French actress and singer

Marie-France Garcia, known professionally as Marie France (born 9 February 1946 in Oran, French Algeria) is a French singer and actress. She is a transgender Parisian pop icon of the 1970s.

== Biography ==
Marie-France was hired in 1969 by the Alcazar cabaret bar in the Latin Quarter of Paris, where she gained recognition by portraying Marilyn Monroe. She remained one of the celebrities of that music-hall until 1987. She became a member of Front homosexuel d'action révolutionnaire (FHAR, 'Homosexual Front of Revolutionary Action'), alongside Guy Hocquenghem. As a member of FHAR, she was interviewed in the magazine Recherches (special issue "Trois milliards de pervers" (3 billion perverts), 1973). She was a member of a small group, the Gazolines, with Hélène Hazera. The two performed in Les Intrigues de Sylvia Couski by Adolfo Arrieta (1974).
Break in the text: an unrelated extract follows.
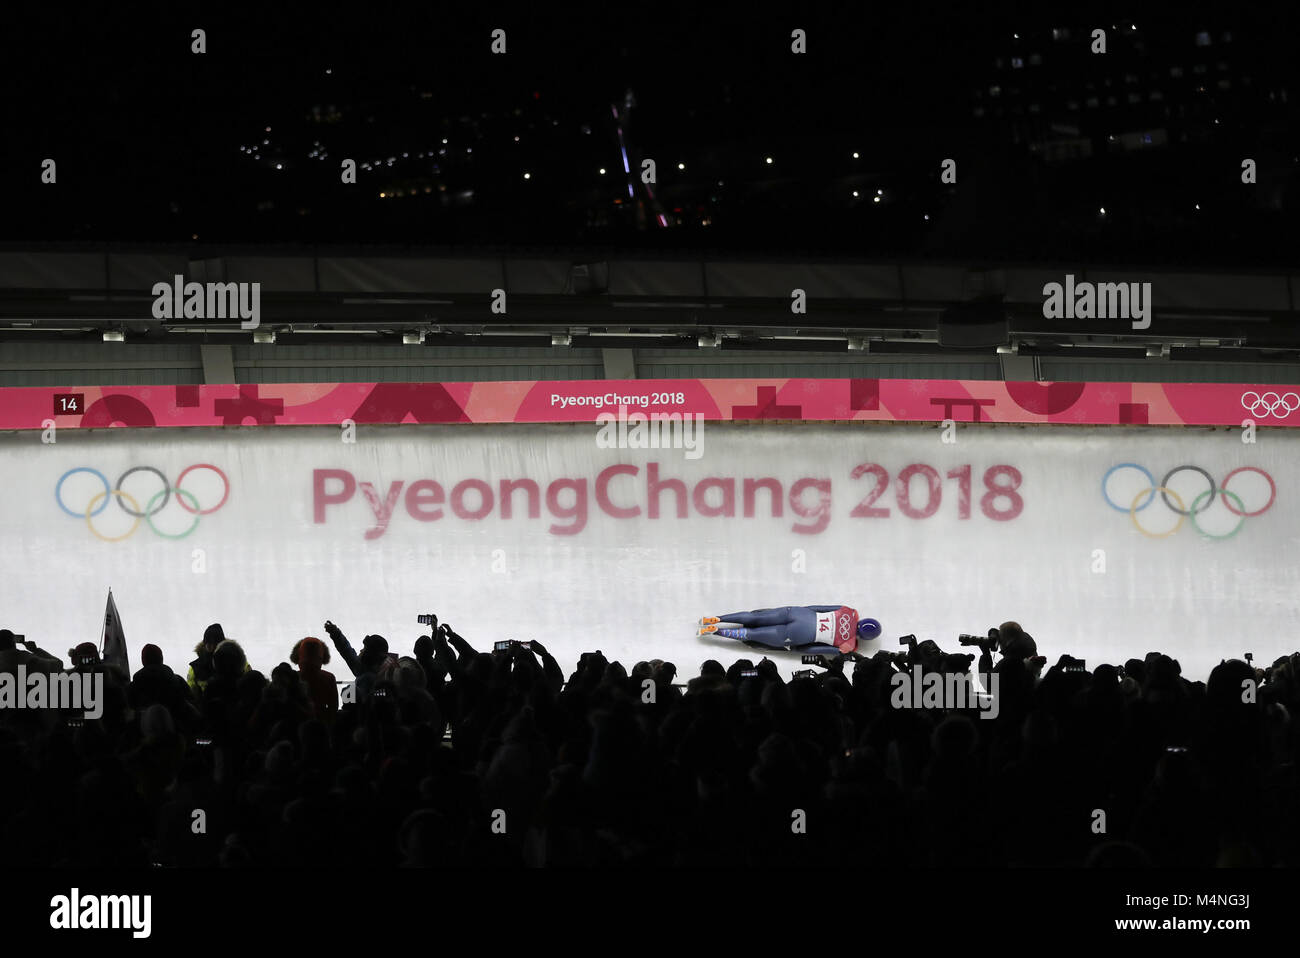 Pyeongchang, South Korea. 17th Feb, 2018. Britain's Lizzy Yarnold competes during women event of skeleton at 2018 PyeongChang Winter Olympic Games at Olympic Sliding Centre, PyeongChang, South Korea, Feb. 17, 2018. Lizzy Yarnold claimed Champion in a time of 3:27.28. Credit: Bai Xuefei/Xinhua/Alamy Live News Stock Photo

Marie-France was often referred to as transsexual, a word that she disliked, and one which certain television hosts automatically questioned. "When one has passed onto the other side, why do they keep this title?" she regrets.
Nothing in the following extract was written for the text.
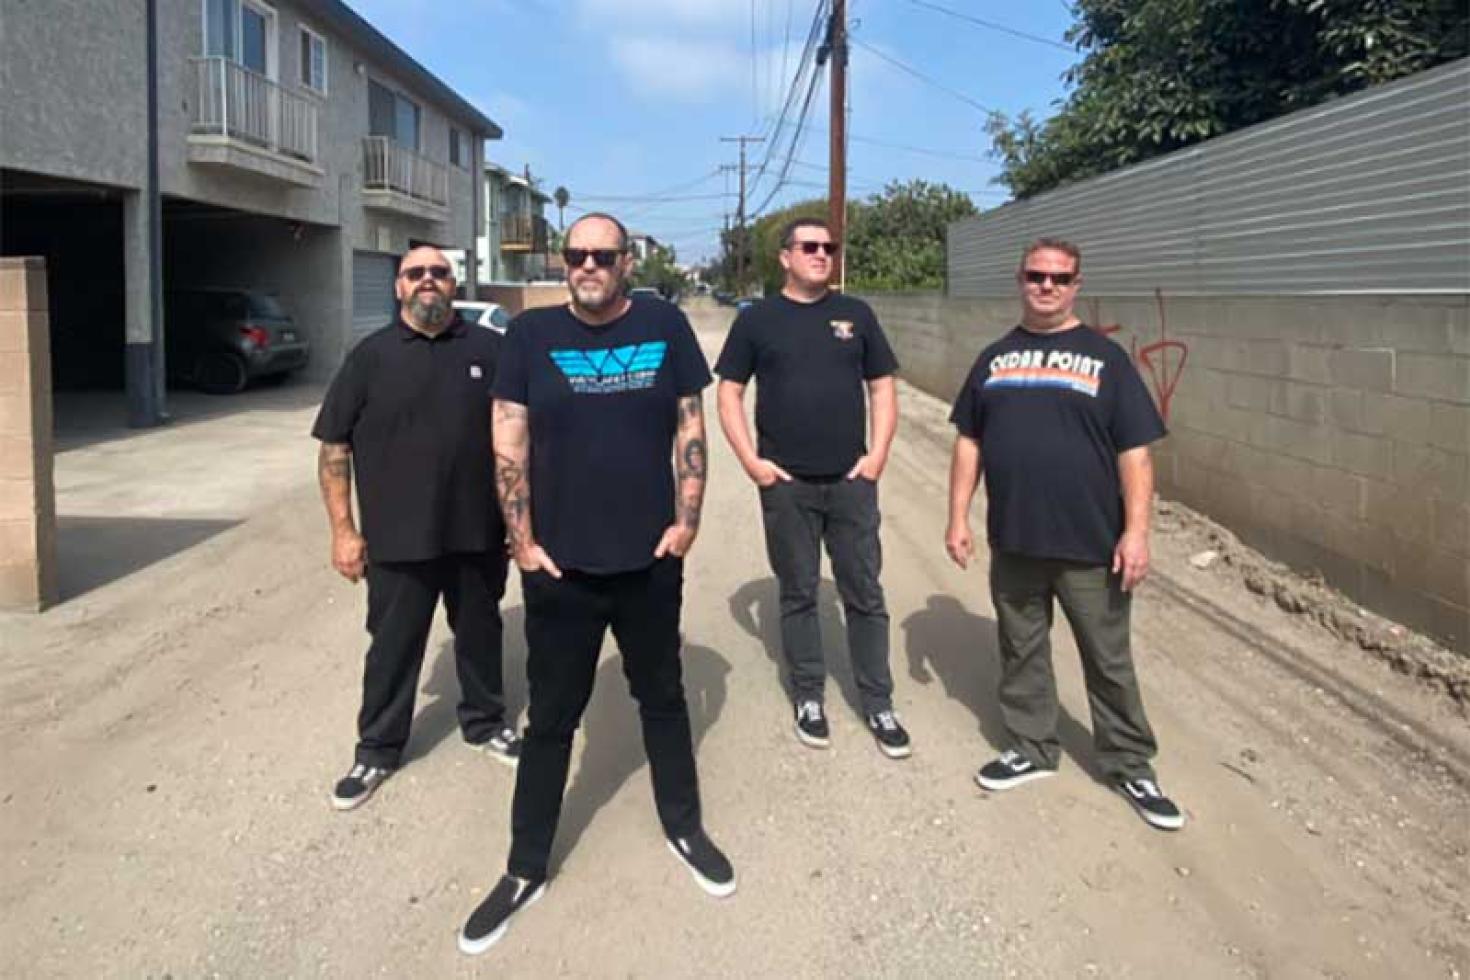 Jughead's Revenge release new single 'I'll Be Seeing You'

She appeared as a singer in Barocco by André Téchiné in 1976, where she produced "On se voit se voir", a song written by Philippe Sarde. She pursued her acting career in theater, notably in Le Navire Night by Marguerite Duras in 1979. She recorded the album 39 de Fièvre (39 °C Fever) in 1980, performing several renditions of 1960s pop (Gillian Hils, Johnny Hallyday, Sylvie Vartan, Rocky Volcano). She appeared in the film Les Innocents, directed by Téchiné in 1987. In 1993, she recorded a song by Édith Piaf with Marc Almond. Daniel Darc and Mirwais collaborated with her in 1997 on her eponymous album. Dave then invited her on his album Doux tam tam in 2003. Frédéric Botton wrote several songs for her in 2005. At the end of 2006, Léonard Lasry and Marie France sang a duet titled "Du désir au bout des doigts". This song is featured on the first Léonard Lasry album Des Illusions.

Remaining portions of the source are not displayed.